I might as well backup my backup smoked cheese.

Left top/bottom Jalapeno/hab pepperjack

R top swiss

LR Sharp













coldchse.JPG



__ BGKYSmoker
__ Jun 15, 2013






AMZNPS with some hickory/apple mix













coldchse1.JPG



__ BGKYSmoker
__ Jun 15, 2013


----------



## roadkill cafe (Jun 15, 2013)

Can't wait until next winter for myself. Have you tried the Dubliner cheese. Love it with peach smoke.

Steve


----------



## papacurtis (Jun 15, 2013)

So no cheese smokes til January for us Florida mes folks, huh Steve? [emoji]128526[/emoji][emoji]128517[/emoji]


----------



## roadkill cafe (Jun 15, 2013)

PapaCurtis said:


> So no cheese smokes til January for us Florida mes folks, huh Steve? [emoji]128526[/emoji][emoji]128517[/emoji]

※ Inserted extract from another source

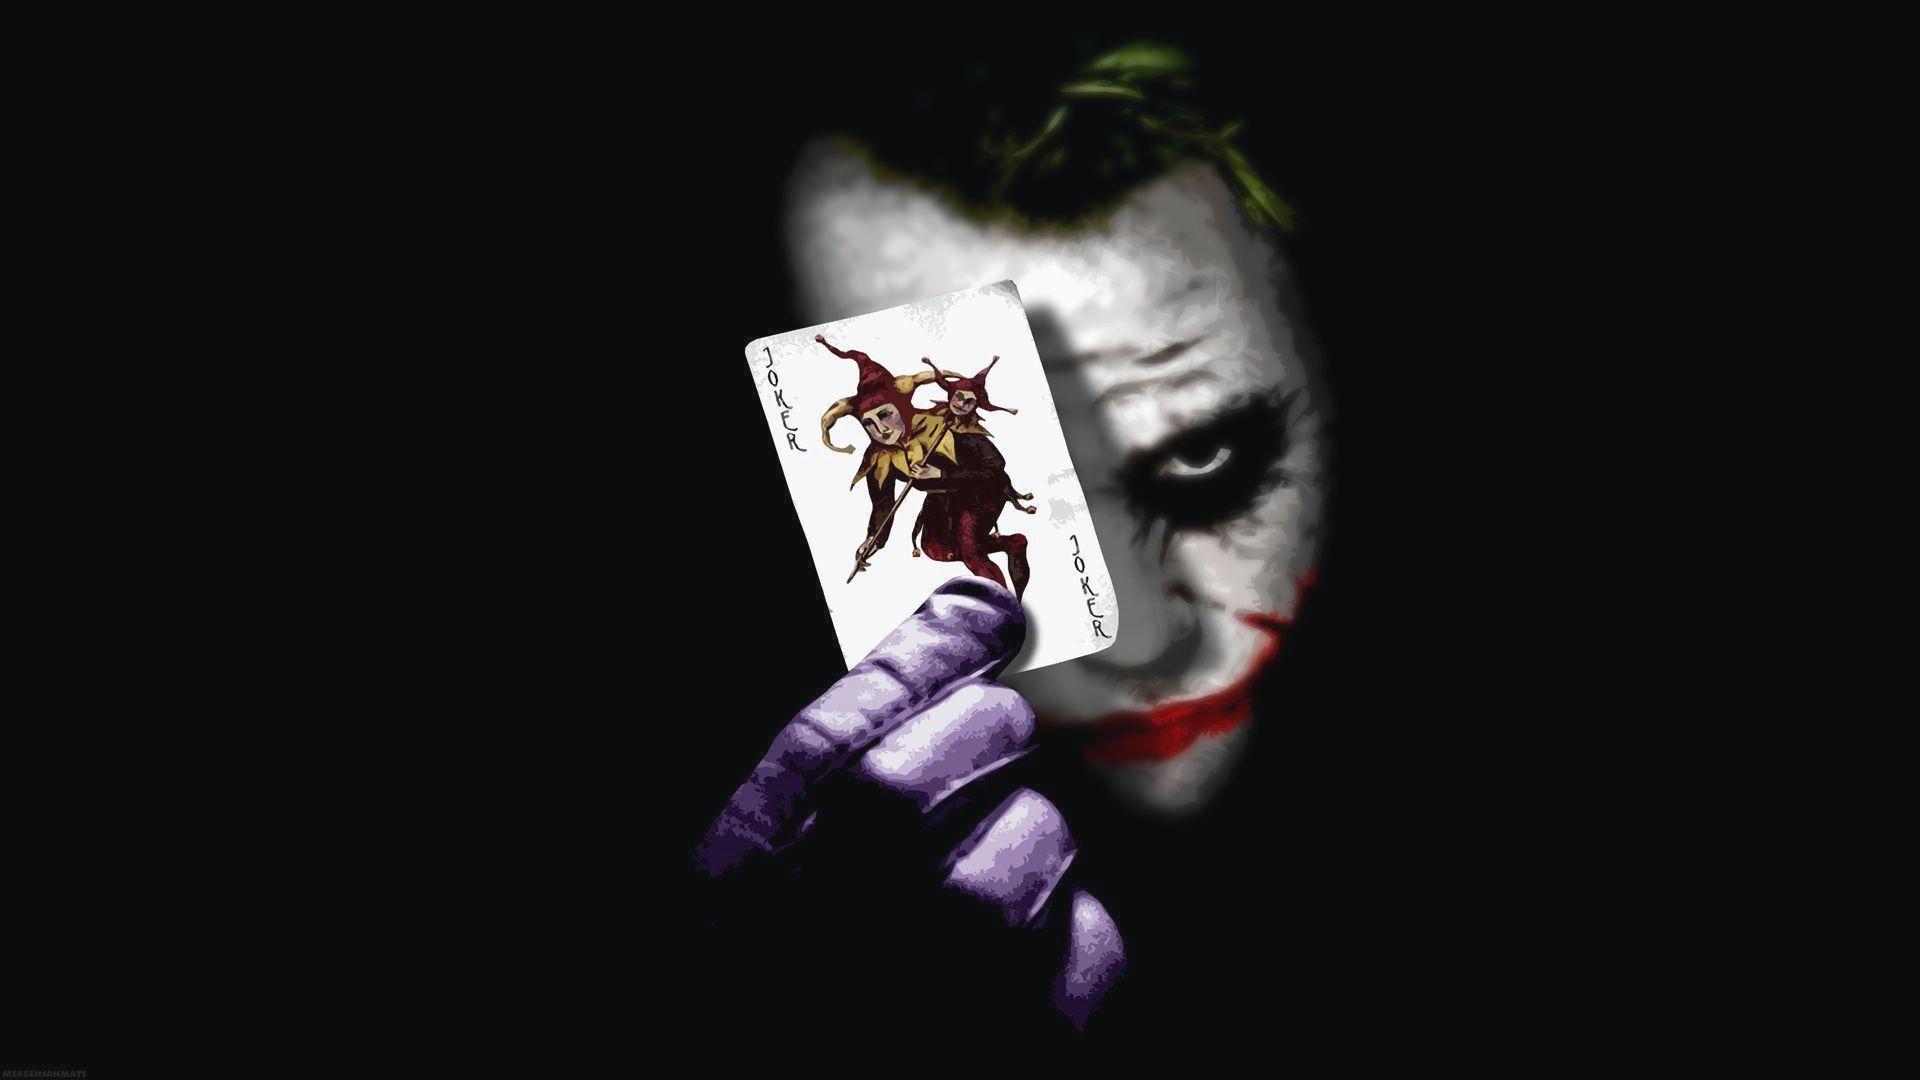 Joker Wallpapers Top Free Joker Backgrounds Wallpaperaccess Joker Hd Wallpaper Dark Knight Wallpaper Batman Joker Wallpaper
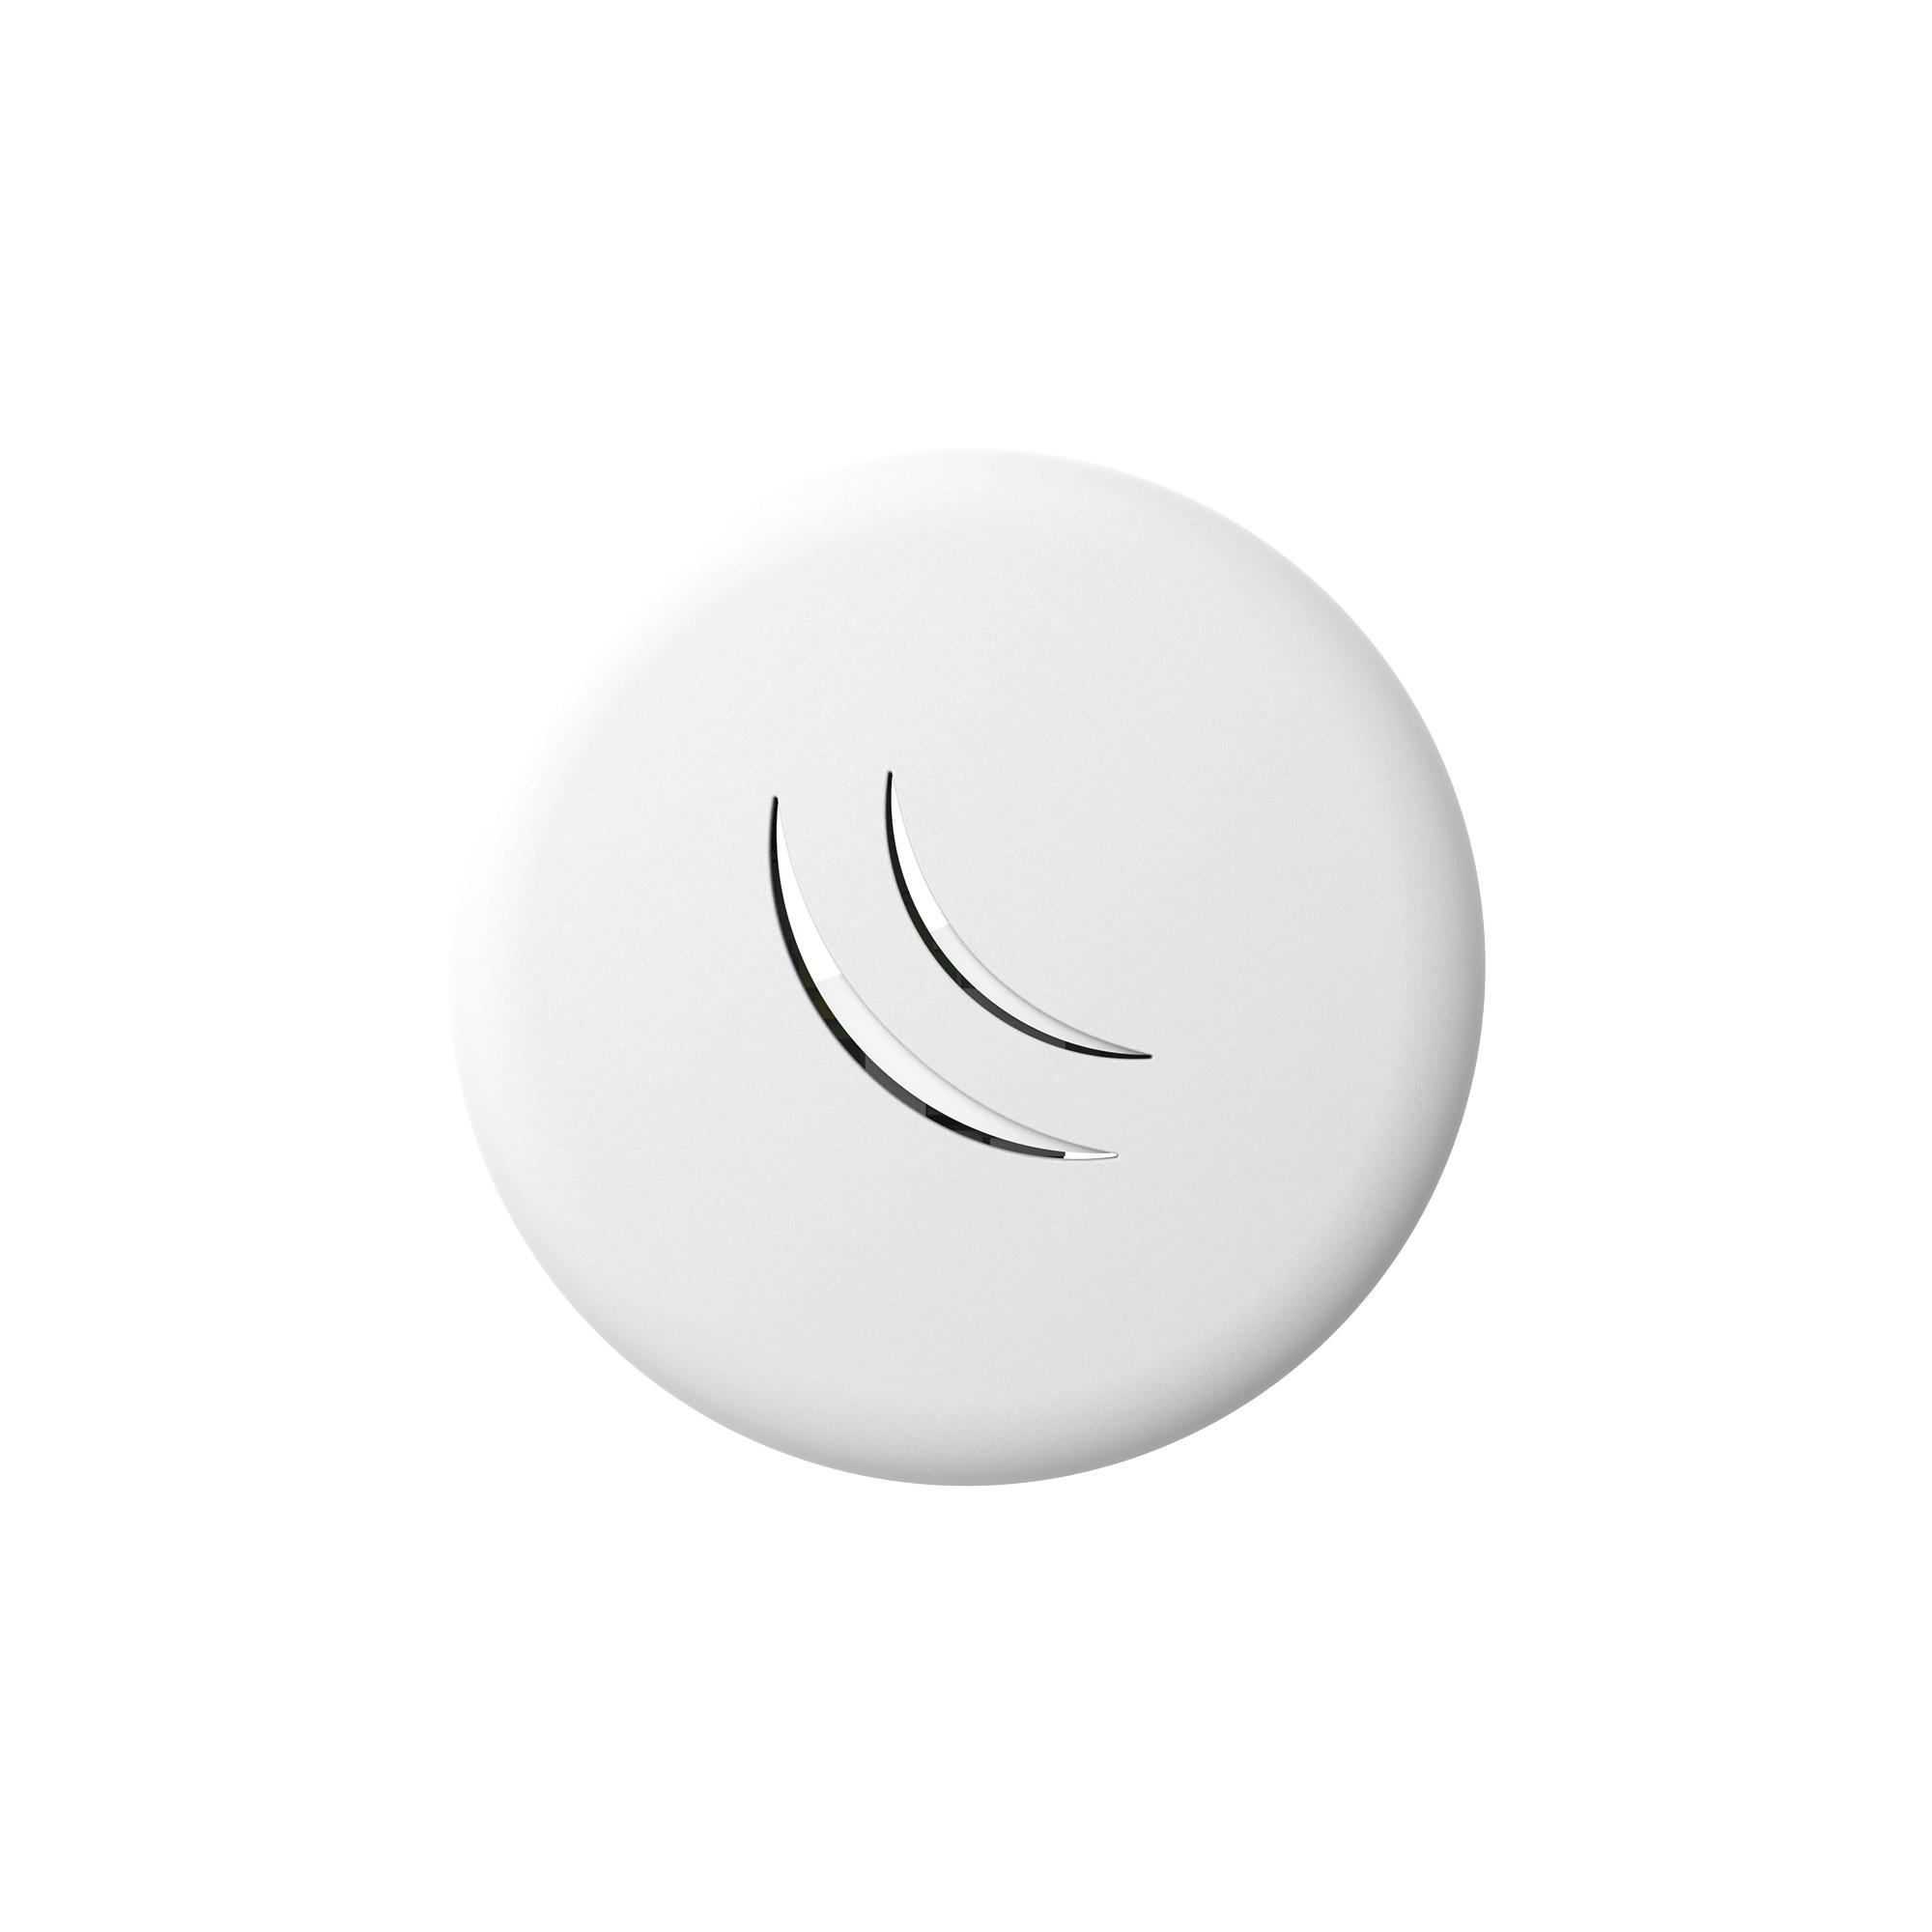 (cAP lite) Punto de acceso para interior de 2.4GHz con antena integrada de 1.5 dBi, hasta 158mW de Potencia

Nope. Not when we have this...(Sorry for the hijack nepas)













IMG_0461.PNG



__ roadkill cafe
__ Jun 15, 2013


----------



## papacurtis (Jun 15, 2013)

Me too, no "hijack" intended.[emoji]128532[/emoji]


----------



## BGKYSmoker (Jun 15, 2013)

No worries about hijack

We are at 90 here in SE GA


----------



## kathrynn (Jun 15, 2013)

I bought another block of that wonderful Cheese today at Costco!  Yuuuummmmm

Kat


----------



## BGKYSmoker (Jun 16, 2013)

Cheese is done and wrapped.













cldch2.JPG



__ BGKYSmoker
__ Jun 16, 2013


----------



## roadkill cafe (Jun 16, 2013)

Looking good....Great color!! How'd you keep the temp down with this heat? Frozen bottles?


----------



## themule69 (Jun 16, 2013)

Looks great. nice color. Pepper Jack is my favorite. I'm still thinking I have enough to make the summer.

Happy smoken.

David


----------



## BGKYSmoker (Jun 16, 2013)

I dont use any ice at all.

I remove the side smoke generator from the cabinet some and natural draw pulls in air and right thru the top vent.


----------



## mrh (Jun 19, 2013)

How long did you put the smoke to it?


----------